All of this to say, I don’t think Stone Memories is my best poem, but I was trying to explicitly build on something that requires some very specific references. It needs context. So I wanted to try this again live at an open mic.

The result was one of the better reactions. The audience was smaller last night — the college graduation had just let out. But the other musicians made very nice remarks in their own sets about these poems and a documentary film maker, who was just randomly in the audience, came gave me his contact information.

I don’t think every poem has to be posted with a context here.
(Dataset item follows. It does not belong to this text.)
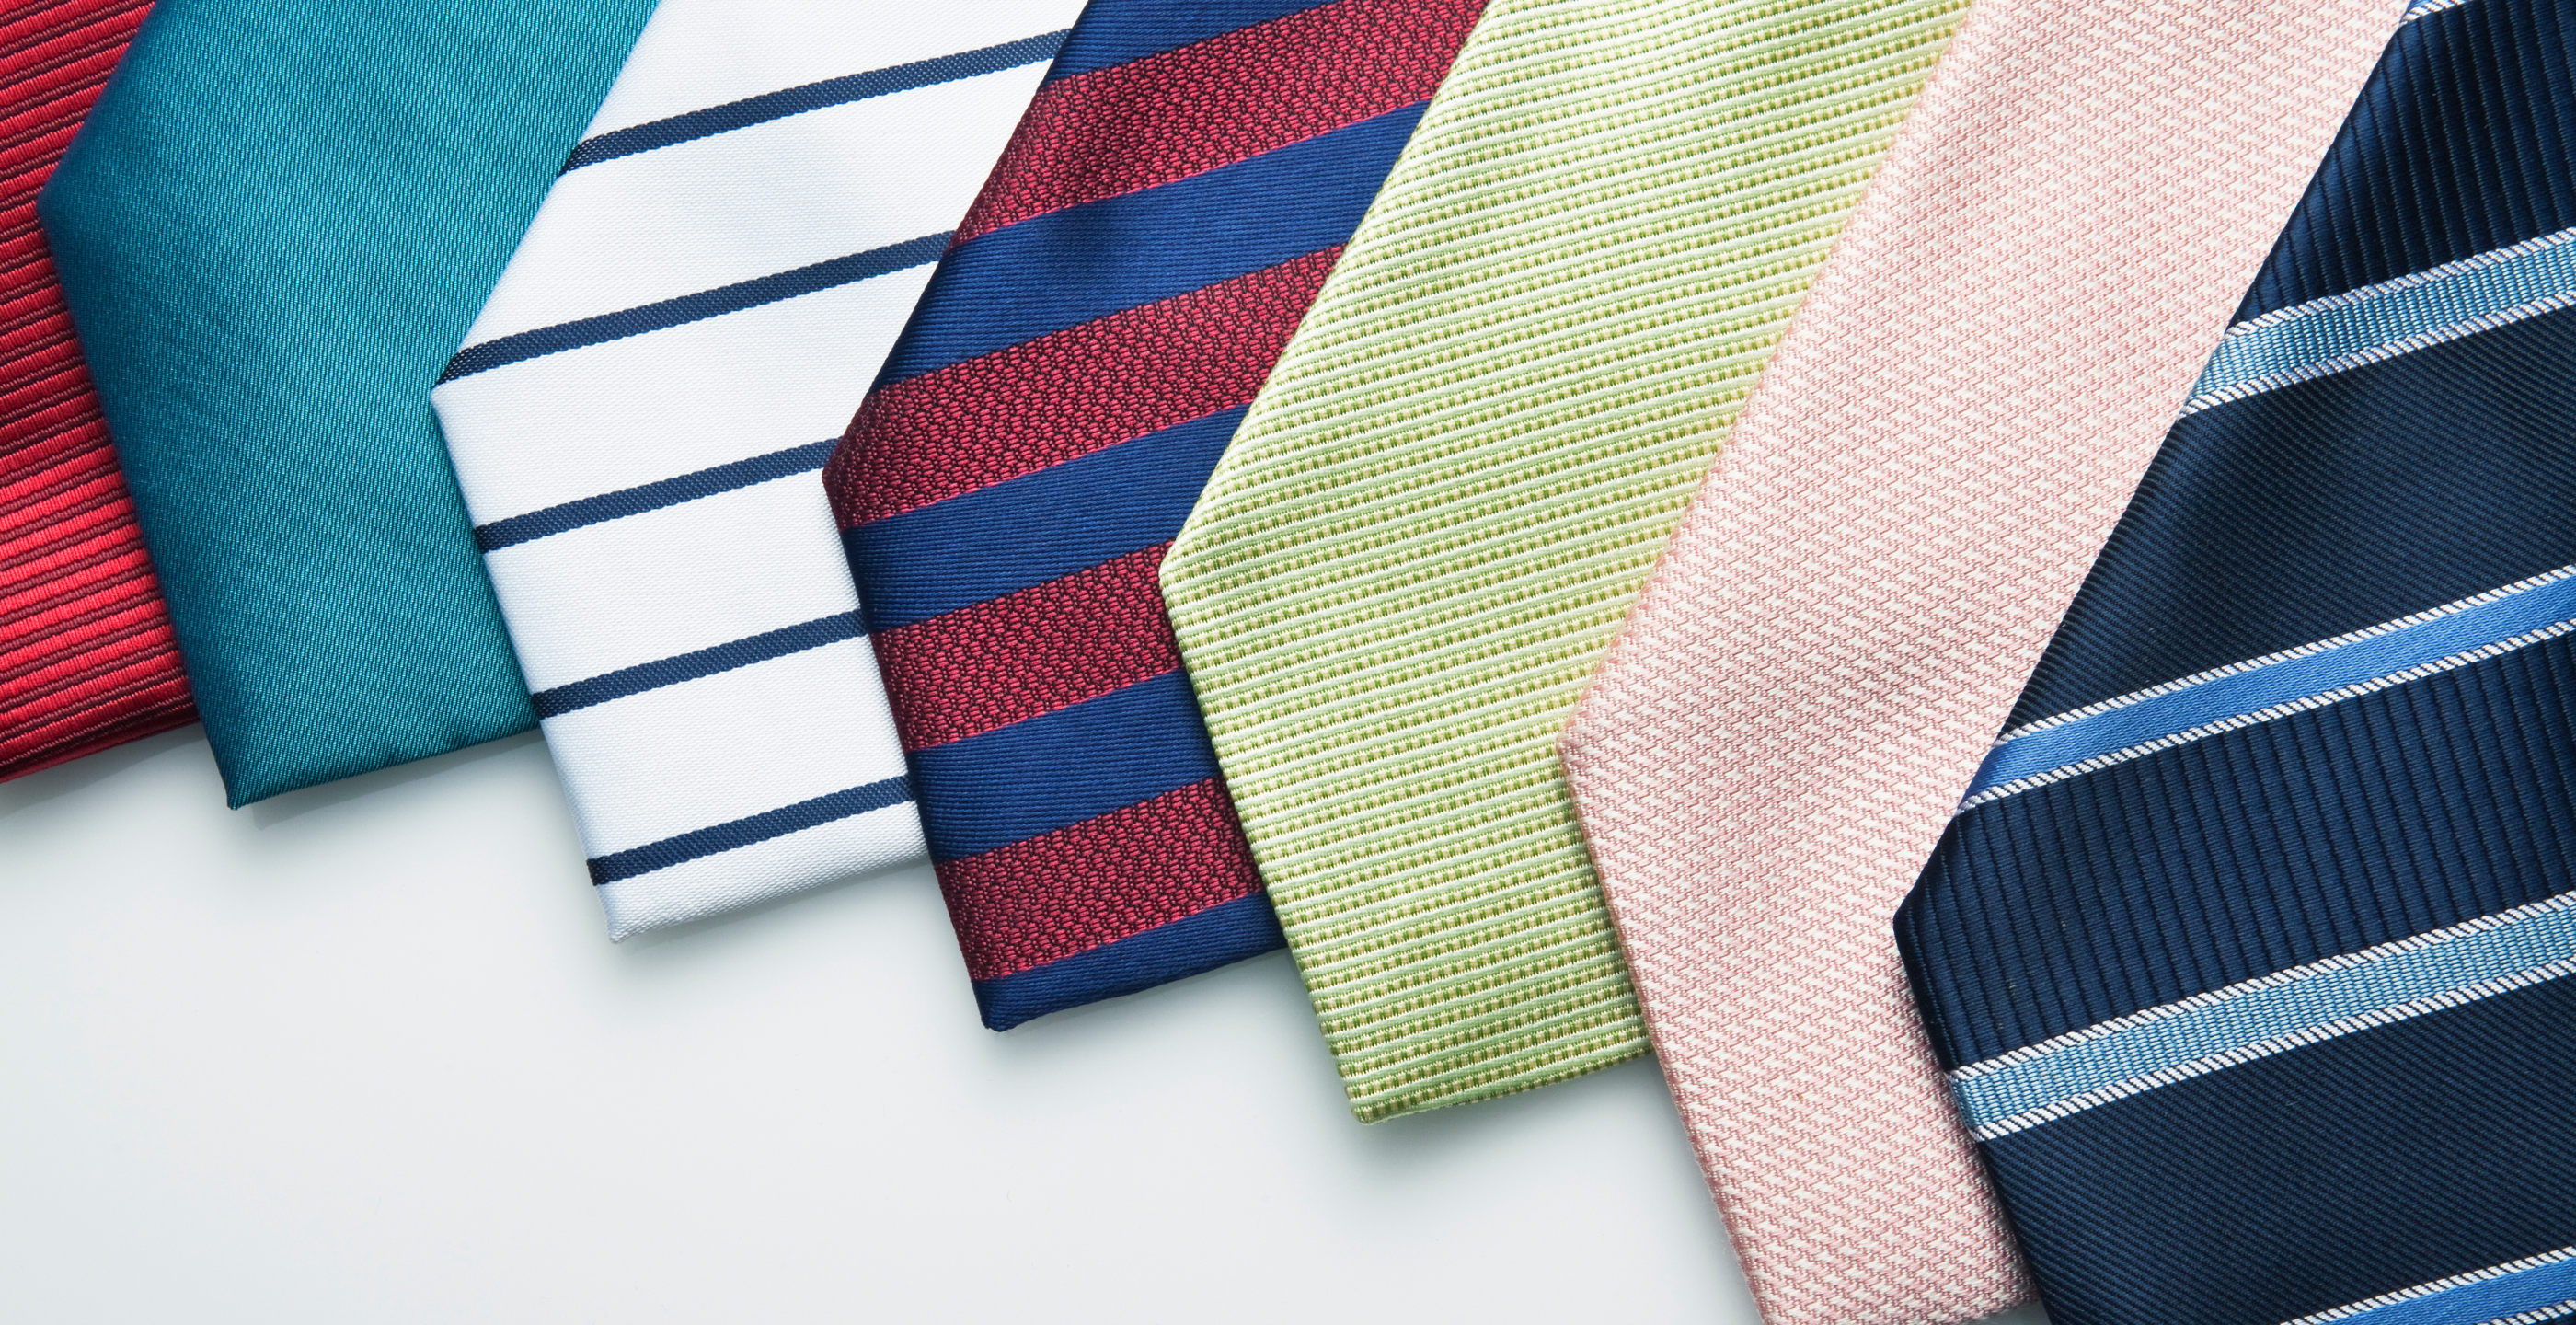 colorful ties

But I think as substack artists that write poetry here we should understand the media environment in which we participate. I think we can learn a bit from musicians and realize that if there is a piece that is harder or has a deeper connection, we can go far by warming up the audience.

The sleezy marketing term for this is priming. Which makes most writers, except those that used to copywrite feel icky. It’s the same idea though. More of this can be found in Tony Schwartz’s book, Media: The Second God.

Going forward, I don’t know if I want to write an essay like this with each poem. But this realization has helped me set expectations and realize that Substack is not the place for all media, despite what their advertisements in Washington, D.C. say. Another way to say this is I’m trying to align the Message to match the Medium.